1. The industry will not evolve into the few who dominate; rather, many firms will prosper and a firm’s size will be appropriate to its market.
  2. Technology will streamline and commoditize more routine tasks—like backoffice—and even basic advice. Complexity will be where the value is.
  3. Large firms are on the demise.
  4. The most enduring and powerful consolidators are the organic ones
  5. The next generation is not a succession issue—it is a leverage issue
  6. Advisor ownership will always be a trump card
  7. Culture eats strategy for breakfast
Palaveev says the advisory industry will evolve in similar fashion to the accounting industry in the way it matures.
Firm size and competition will reflect client size. Midsize firms will service private and small businesses.
Large regional firms will service large privately owned companies.
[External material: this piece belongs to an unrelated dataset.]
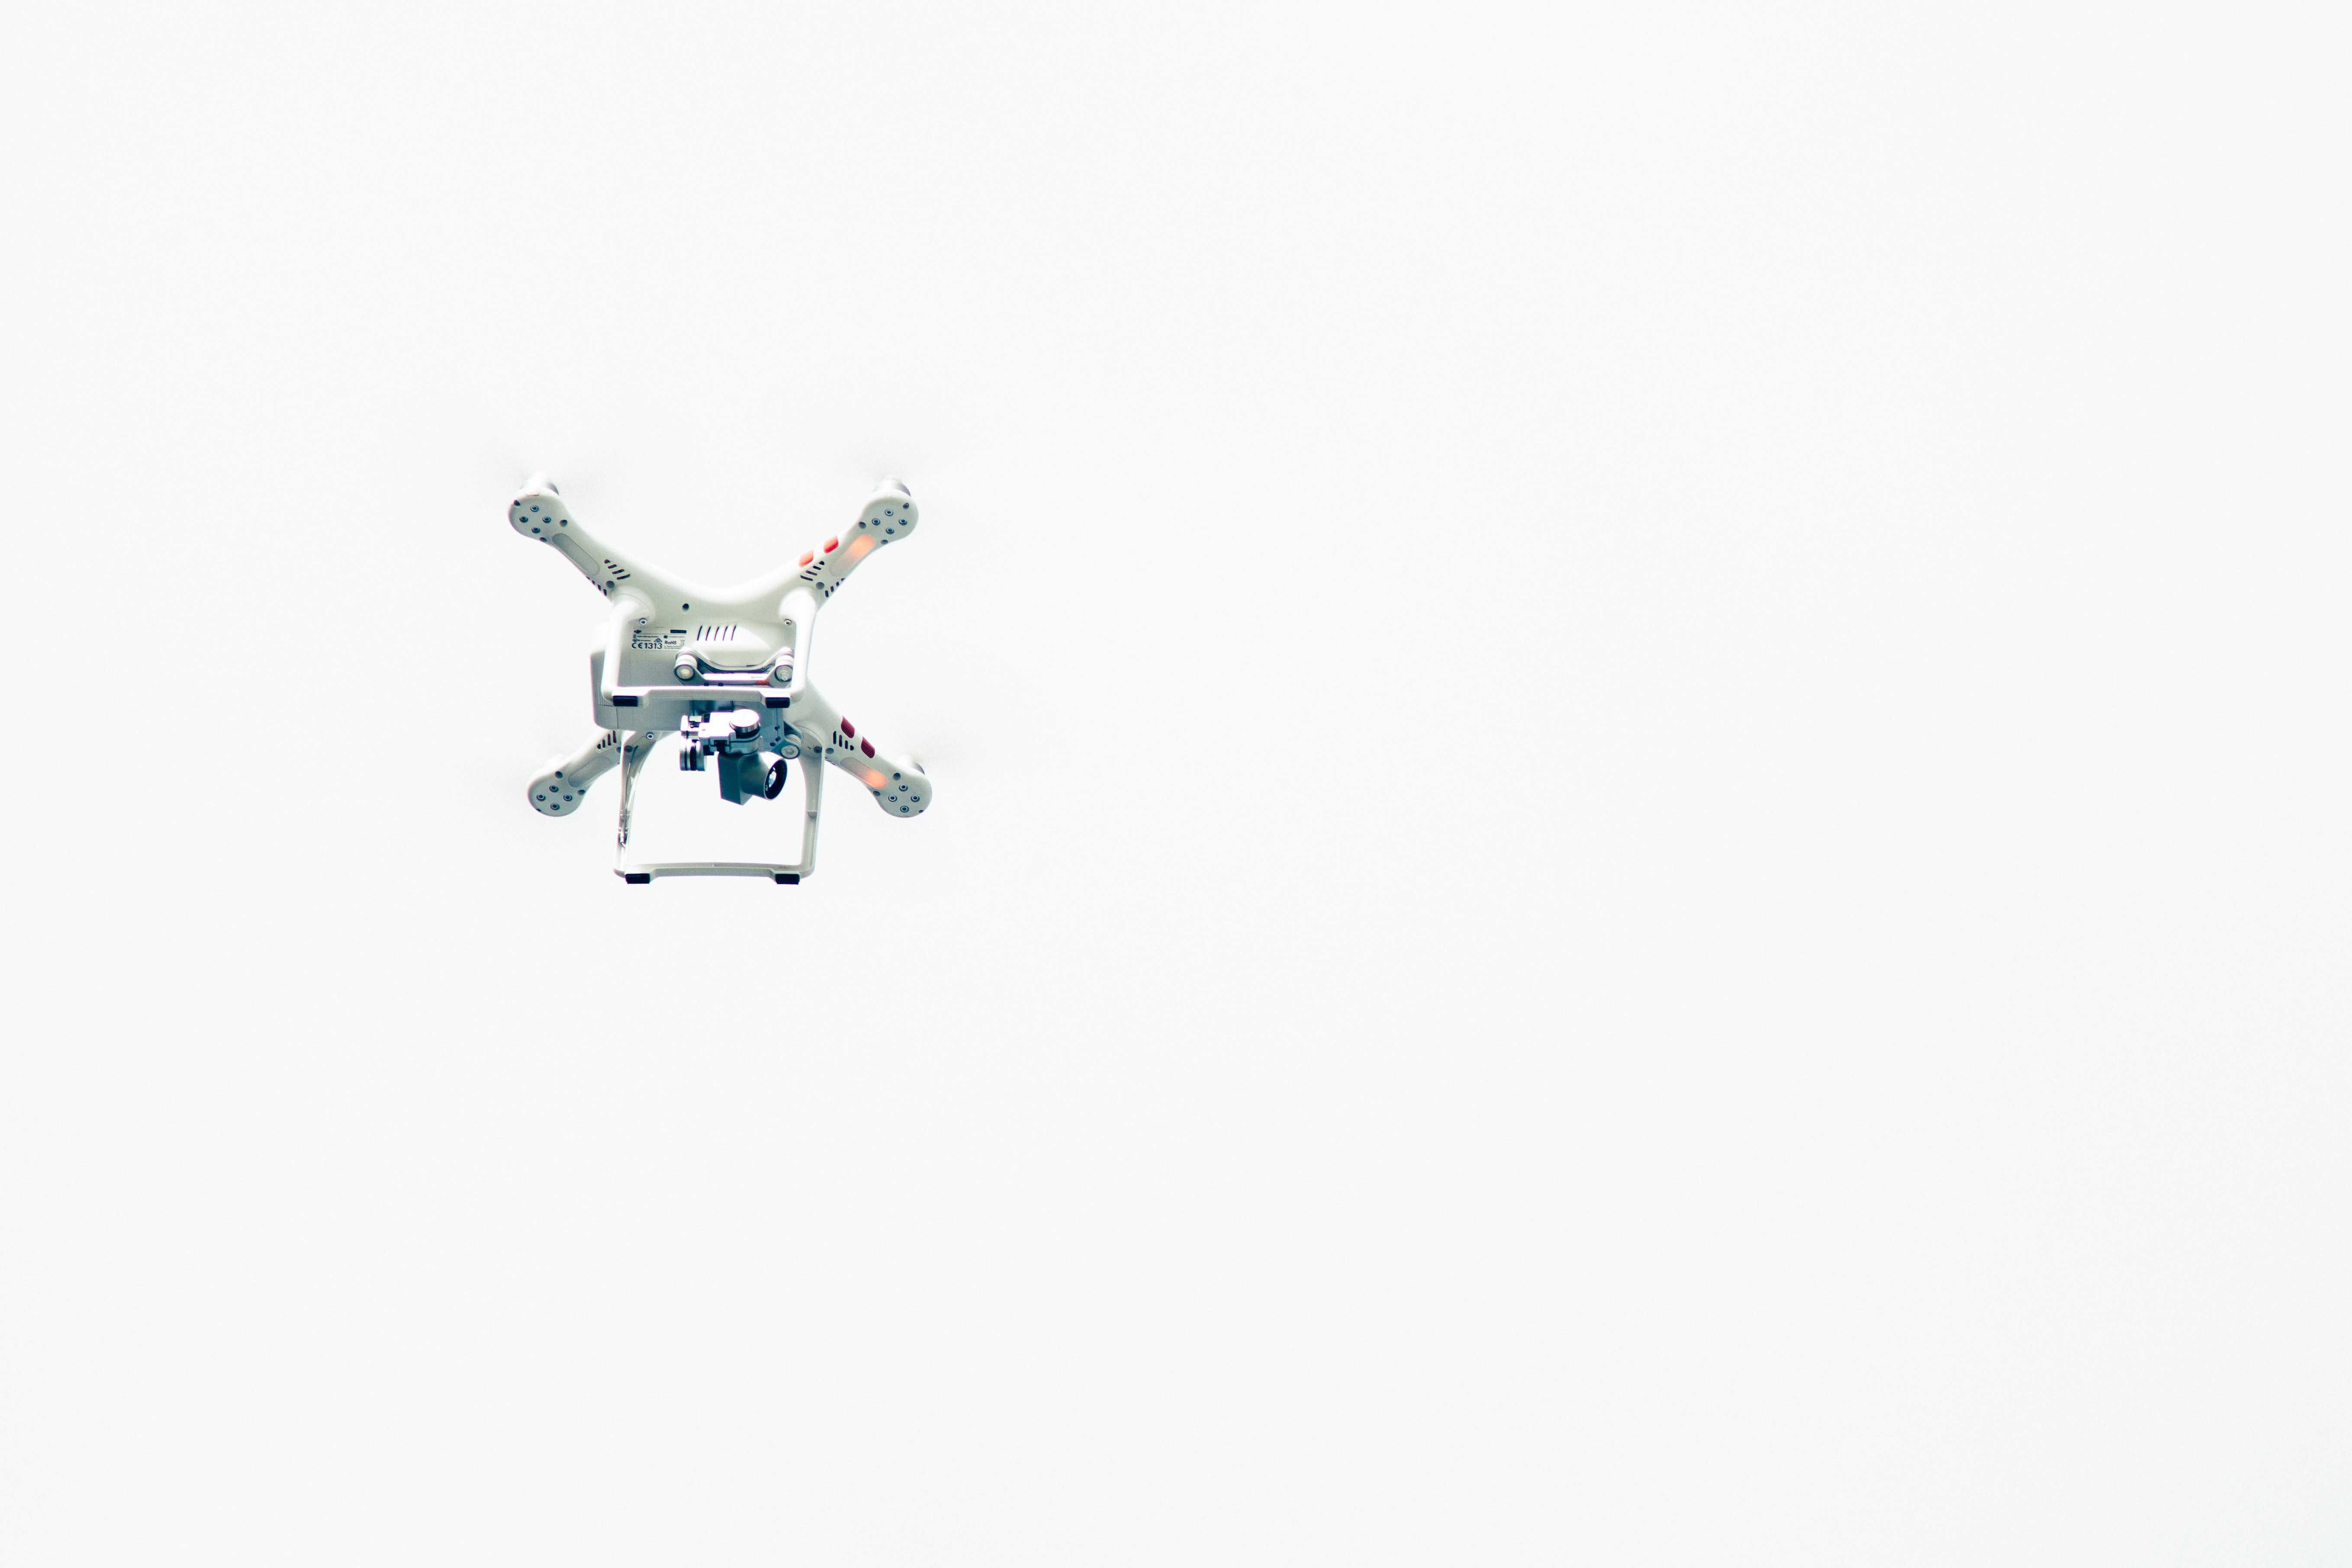 Upload UAV insurance policy
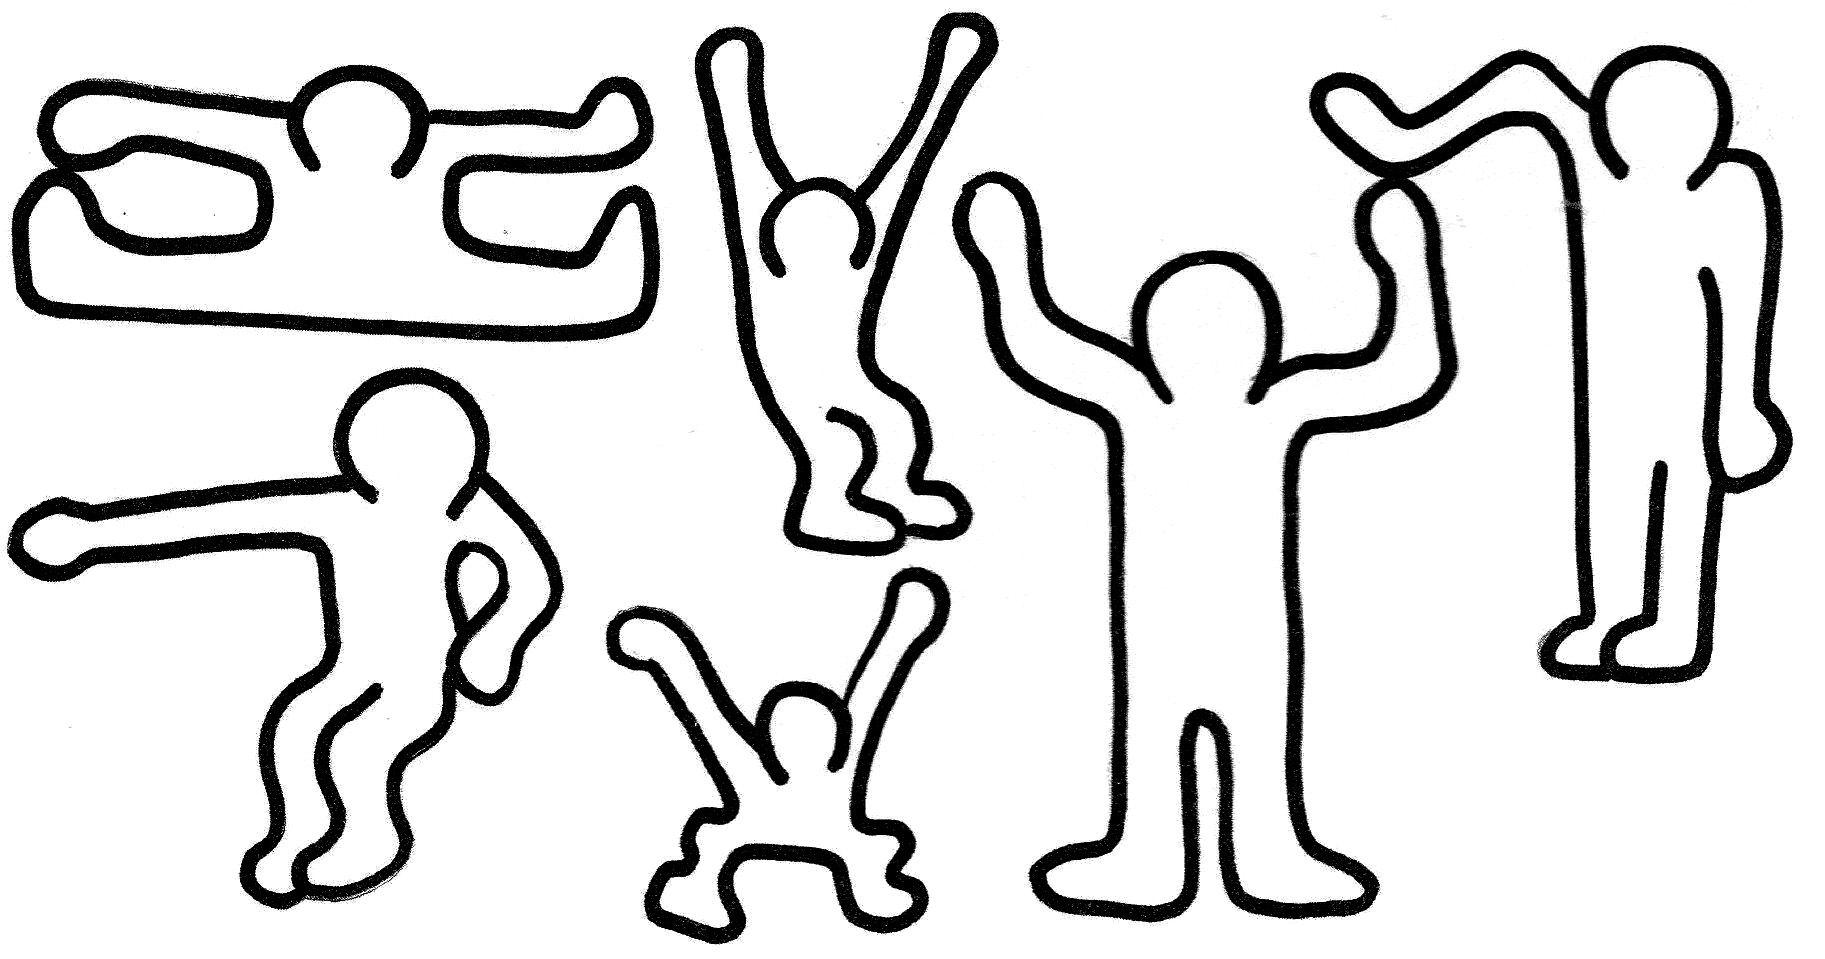 Keith Haring - Validées   Kunst, Kunststunden über Keith Haring Malvorlagen

Solo practices will service tax and micro-businesses.
Consolidation in the industry will continue at a steady pace but the days of the roll-up are over.
Technological advances are forcing the commoditization of basic, mass-market level services.
This frees more time for advisors to differentiate themselves through a niche and to build deeper client relationships.
The headaches of running an office will be taken over by technology, allowing you to do what you really love and lead a much more fulfilling professional life.
The last takeaway Palaveev offers is that consolidation never stops but it also never fully succeeds.